[Brief]: Without including the pictures, copy each line below exactly as it reads.

━━━ Exercise data

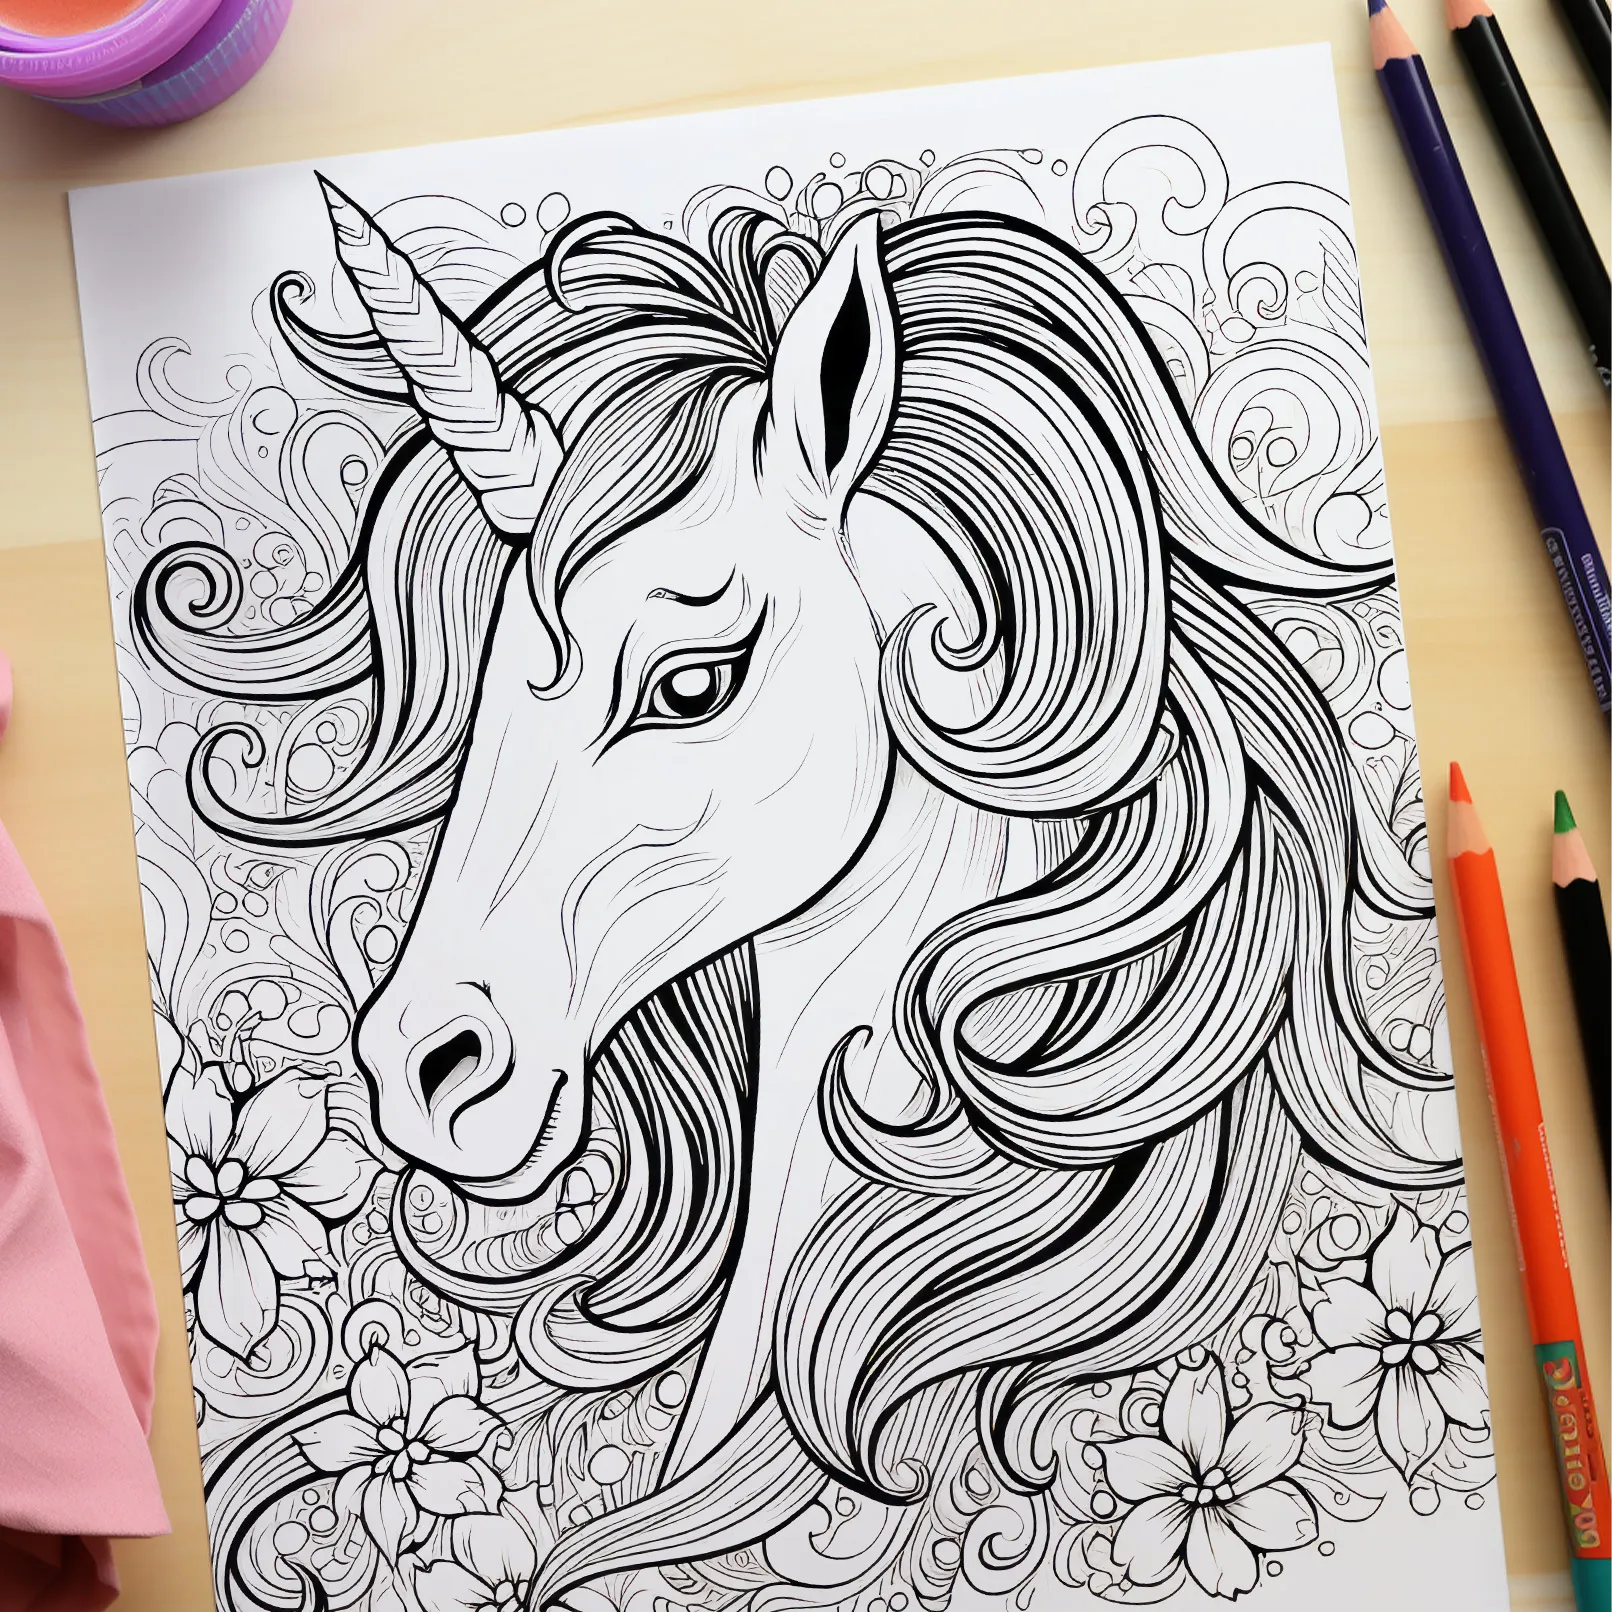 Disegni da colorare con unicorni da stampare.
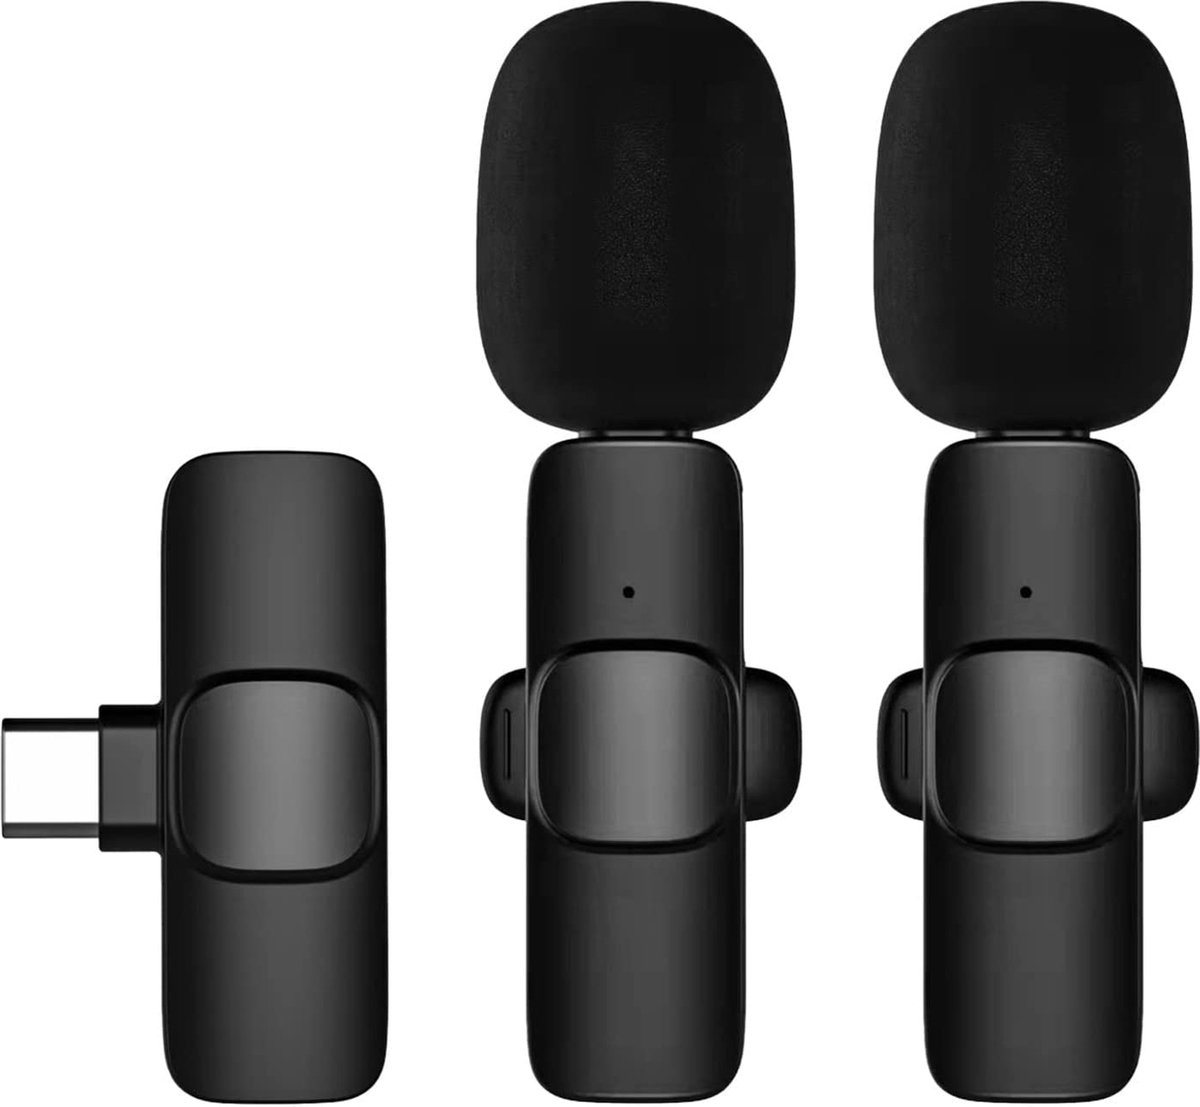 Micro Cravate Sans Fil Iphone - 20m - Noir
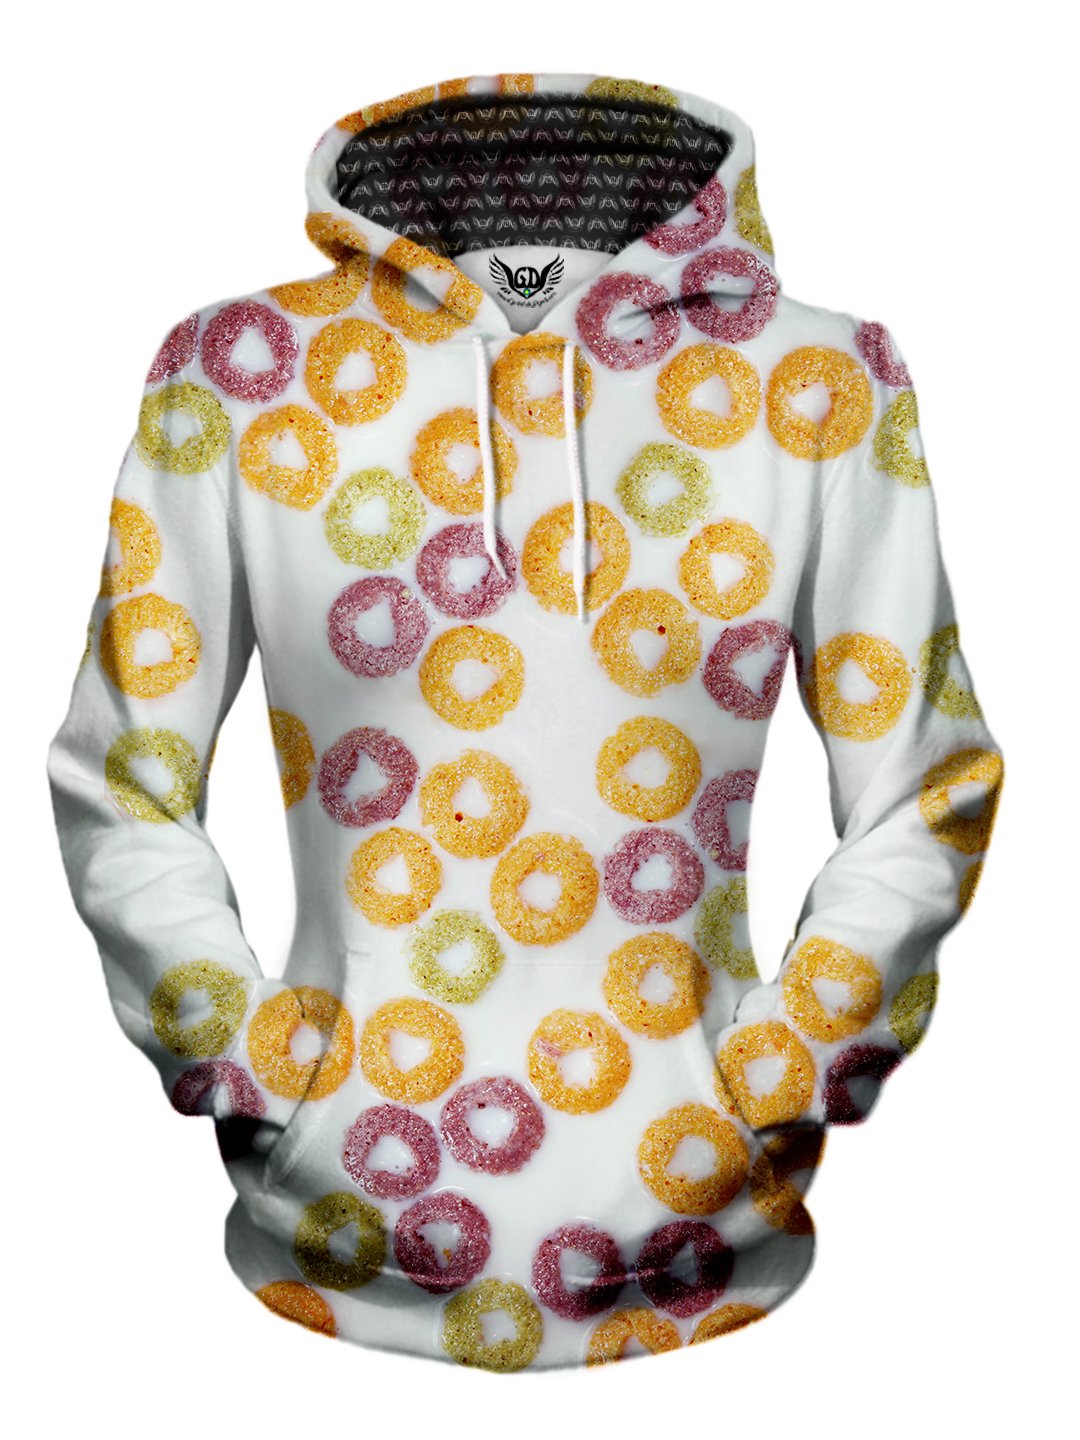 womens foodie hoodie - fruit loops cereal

━━━━━━

[Answer area]:
 Disegni da colorare con unicorni da stampare.
 Micro Cravate Sans Fil Iphone - 20m - Noir
 womens foodie hoodie - fruit loops cereal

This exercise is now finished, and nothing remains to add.